Lisa Nandy, Nigel Farage and a tale of two silly political shirts
Farage's football top has gone down very well with the people it was intended to go down very well with, selling 5,000 units in its first day on sale. And it put ants in the pantaloons of Reform's detractors – another intended outcome, one suspects – who spent Sunday on the socials spluttering about how this was the acceptable face of the hard right, etc etc.
Some sniff a whiff of burnt horsehair whenever Farage appears. This derangement, strangely, increases whenever he does something naff, like launching personalised schmutter. It's much the same syndrome as when Boris Johnson's slapdash demeanour was vaunted, often by the very same detractors, as the lid on a pot of simmering evil. People on the right aren't allowed the leeway of just being corny or erratic.
The Reform FC shirt provided a tiny morsel of levity, which in these doomy times is much needed. A friend of mine has many of the same misgivings about Reform that I have, but thinks that while we wait we might as well vote for what is, undoubtedly, the campest of the political parties.
You'd think Wigan Pride, festooned with the glitter and bunting that decorate all things LGBTQ+, might be a rival for the camp crown, but – as ever with such events – the sparkle was dimmed by shadows of contention, in this case Nandy's 'Protect The Dolls' t-shirt. This slogan, for those of you who are unaware, is an American rallying cry to extol the 'rights' of men who claim to be women to vault over the barriers placed around all other men. The 'dolls' in question are those chaps who make a better fist of convincing anybody that they might actually be ladies. (The ones who don't are known as 'bricks'.)
So to sum up, this is the Culture Secretary taking a position aligning herself with the extreme fringes of a deeply unpopular campaign that her own administration is now trying, somewhat cackhandedly of course, to back away from.

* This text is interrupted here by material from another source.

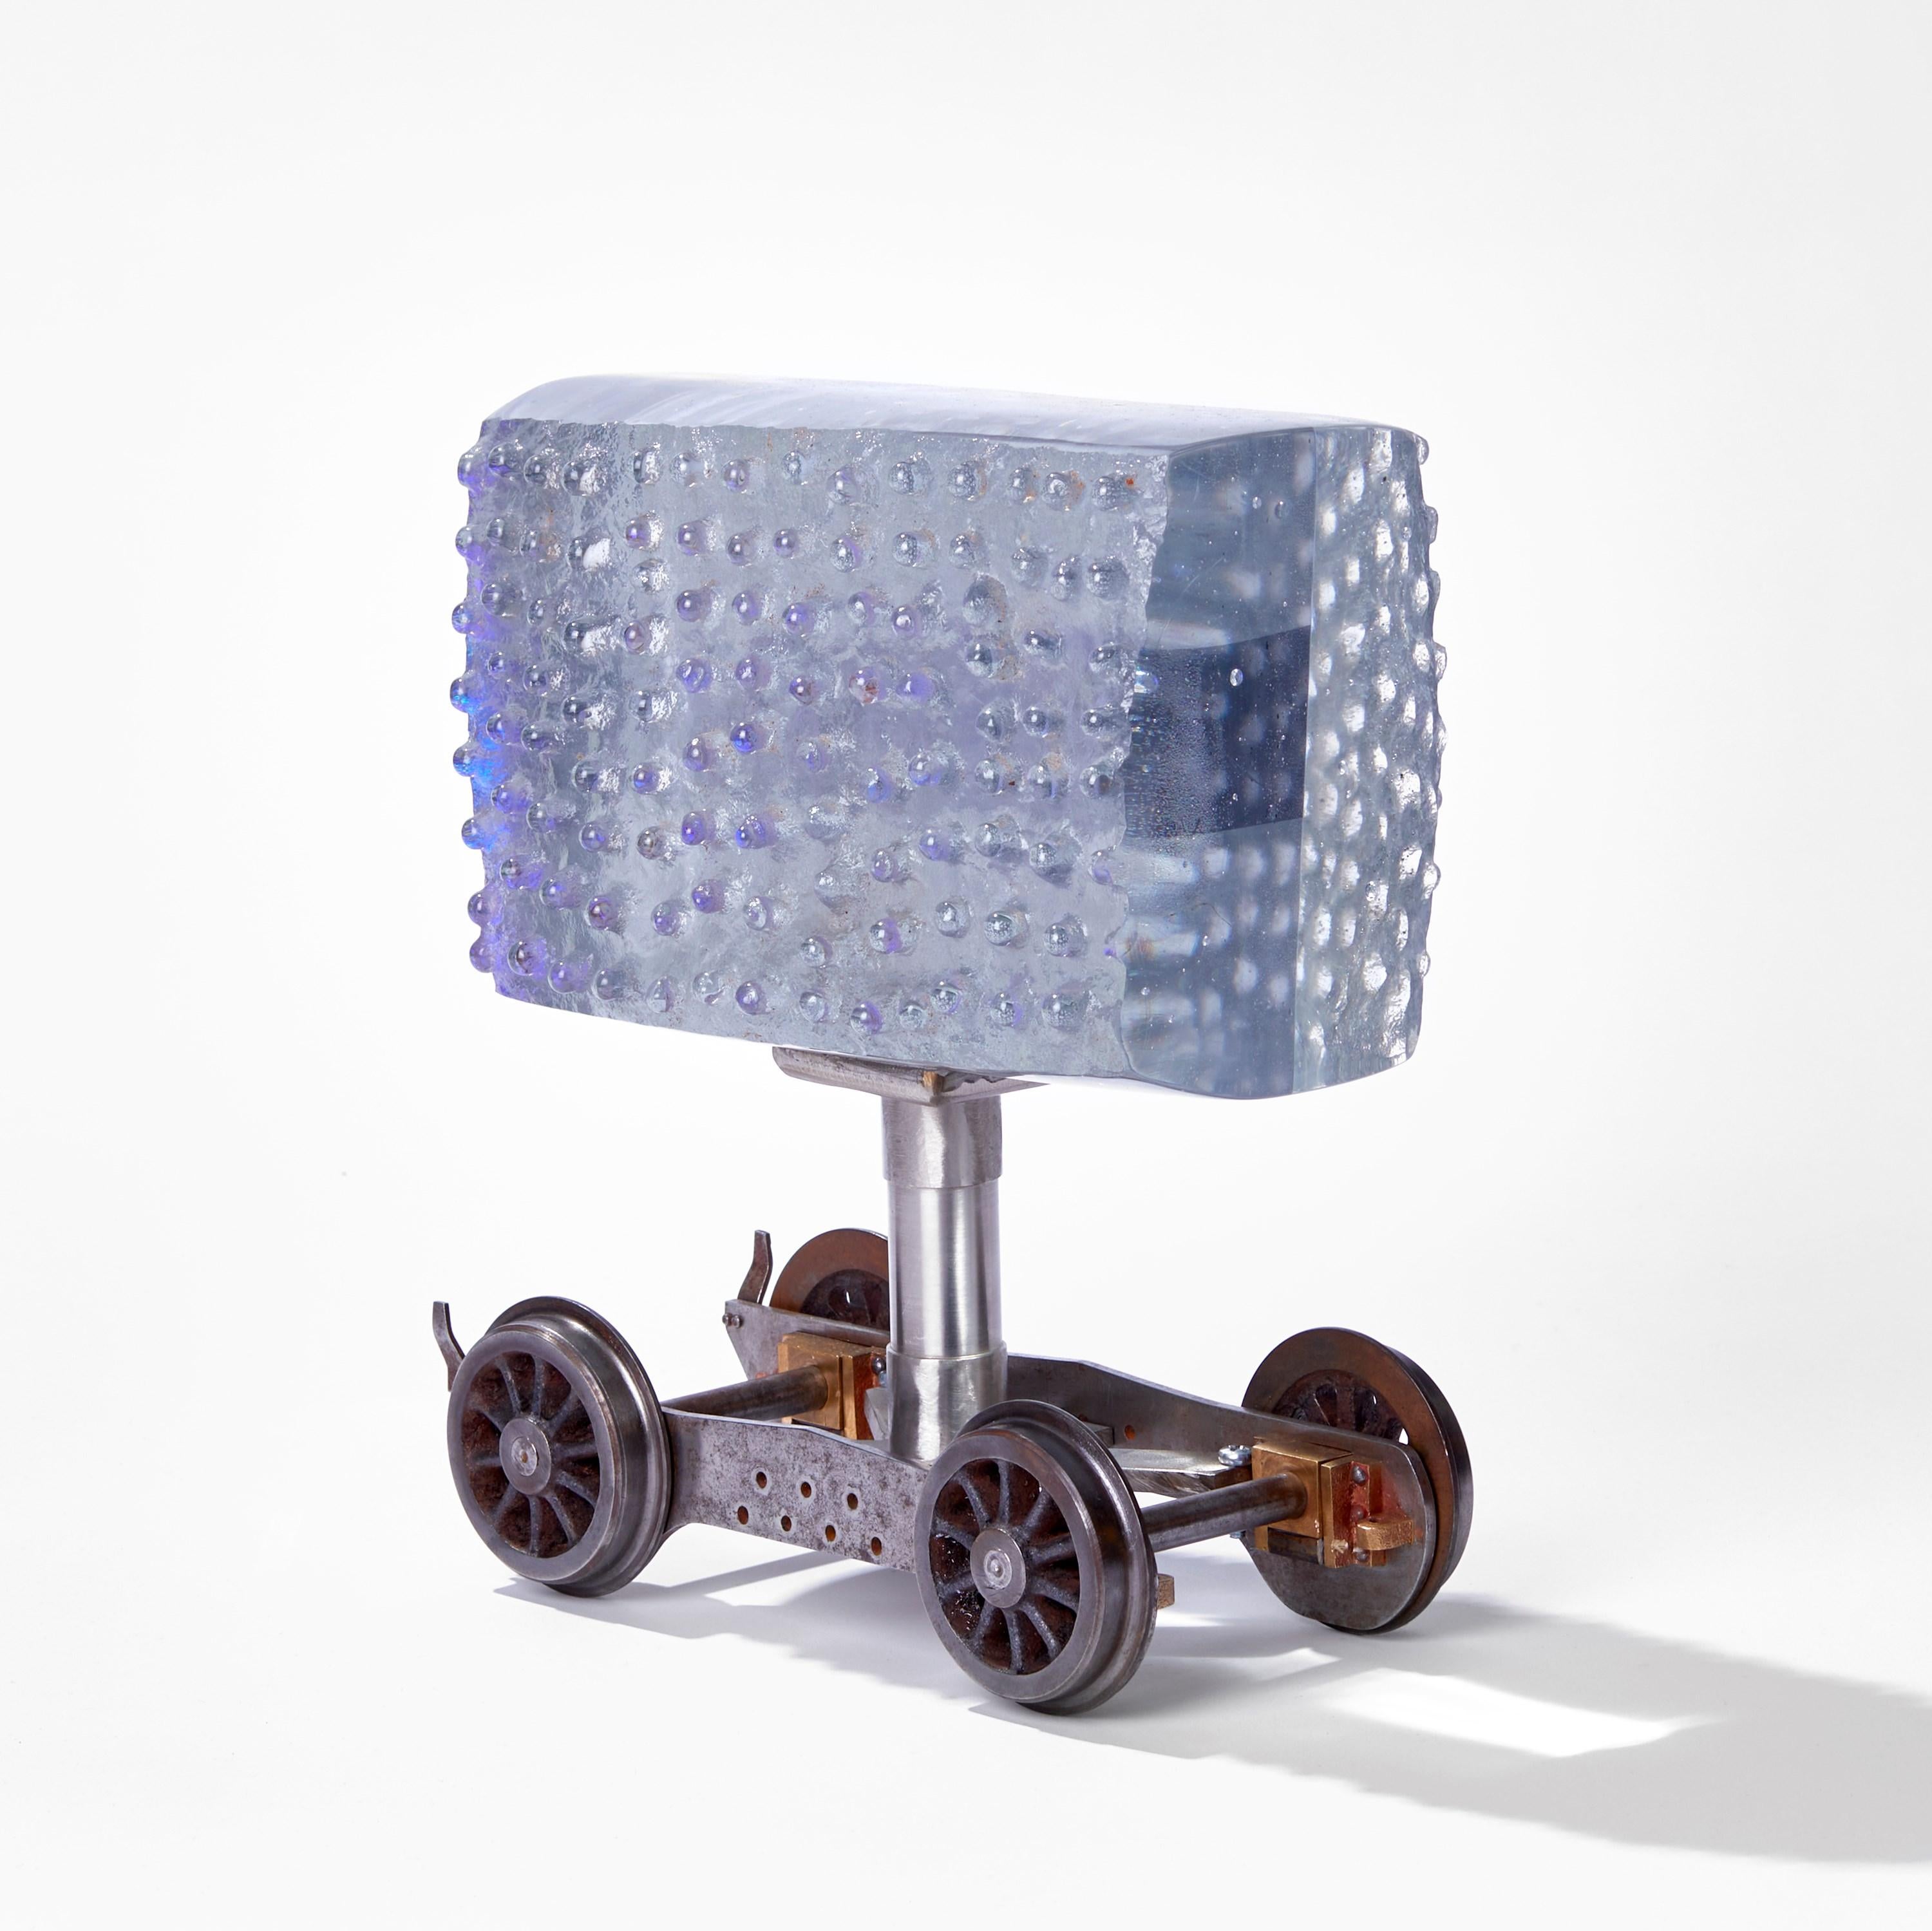 Hand-Crafted  Phateon, a steel & glass train / locomotive inspired sculpture by Jon Lewis For Sale
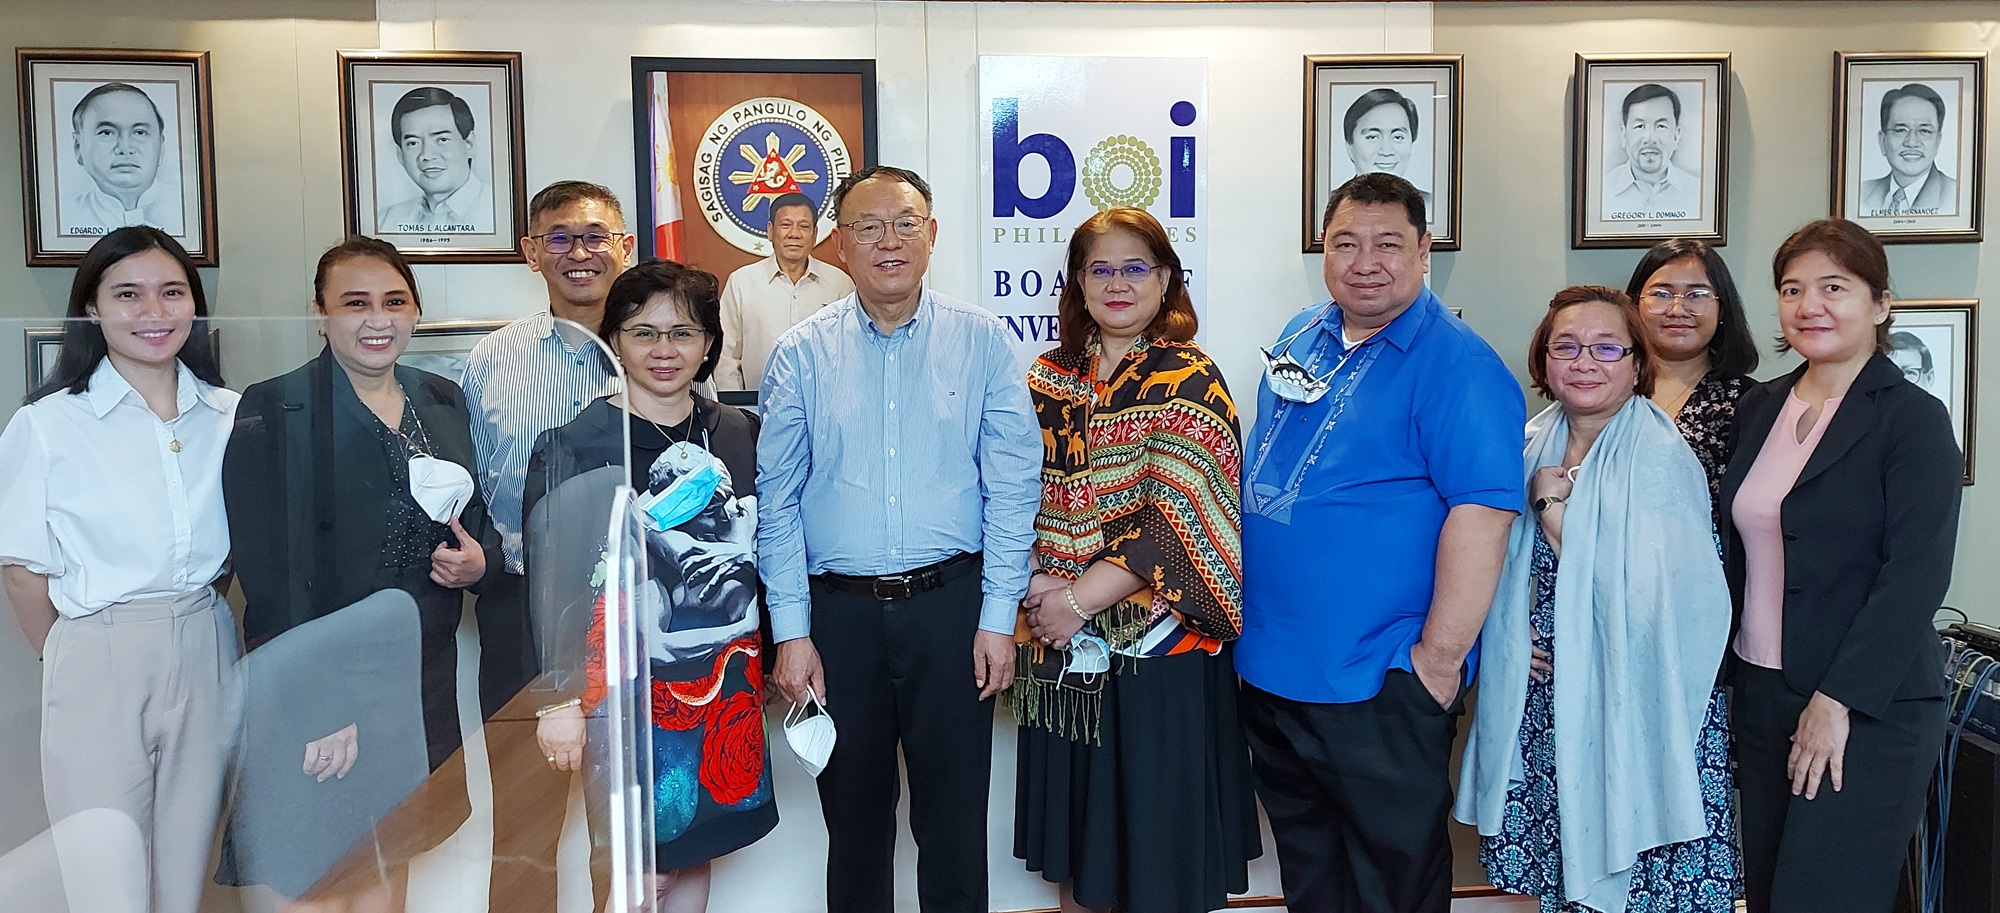 Global biopharma company in China meets BOI on investment plans, vaccine clinical trial projects in PH

You may remember how Nandy declared, on being appointed to her cabinet role, that the culture war was now over. Peace in our time! Here she is, a year later, still fighting it, the Neville Chamberlain of 2025. Nandy is a born follower of whatever her milieu considers right and proper on a given day, however bizarre. She has form on this issue, telling an audience back in 2020 that rapists should be accommodated in women's prisons if they fancy it.
And here she is again, doing and saying what is politically expedient, slipping on the Wigan Pride t-shirt. As Philip Patrick noted here the other day with reference to Nicola Sturgeon, one of the big problems with the trans issue is the enthusiasm for it from party workers and staffers. Added to this, Nandy, as an MP, has to engage with 'communities' and 'stakeholders' – which means wearing an item of their choosing and posing for photos wearing it.
These are not the parish pump affairs of the old local politics. Political figures of all the main parties have been beclowned at Pride events, from Boris Johnson in a Pink Stetson to Keir Starmer swathed in glitter – which just made him look as if he'd contracted a particularly nasty case of psoriasis.
I can't imagine someone as toxically agreeable as Nandy handling the awkwardness of the T-shirt situation in any other way but acquiescence. She shouldn't have had to. There should be a simple rule for politicians on their visits to Prides, mosques, or anywhere else: no merch, no slogans, no cultural frills or campaigning furbelows. This rule would enable the politician, when presented with a hat marked 'UP THE TALIBAN' or a badge marked 'DOWN WITH KITTENS' to sigh and say 'so sorry, obviously I'd love to don this tasteful item, but it's against the rules, I'm afraid; my hands are tied'.
Today, silly emblems and slogans and campaigns abound in public life, and this rule would at least take politicians out of that loop. Another news story at the weekend, for example, informs us that the BBC has purchased 10,000 badges, 7,000 mugs and 6,000 lanyards branded 'Call It Out', at a cost of £61,000, in an effort to remind their staff not to harass and abuse each other.
There is something quintessentially perfect about this story – a modern British institution thinking it can solve a serious problem of criminality with branding. The Blairite consensus smashed up our common culture and morality, forged after centuries of trial and error, and now seeks to replace it – with merch.
Politicians should, if they absolutely must, slip into their own silly campaign wear, but they shouldn't go near anybody else's.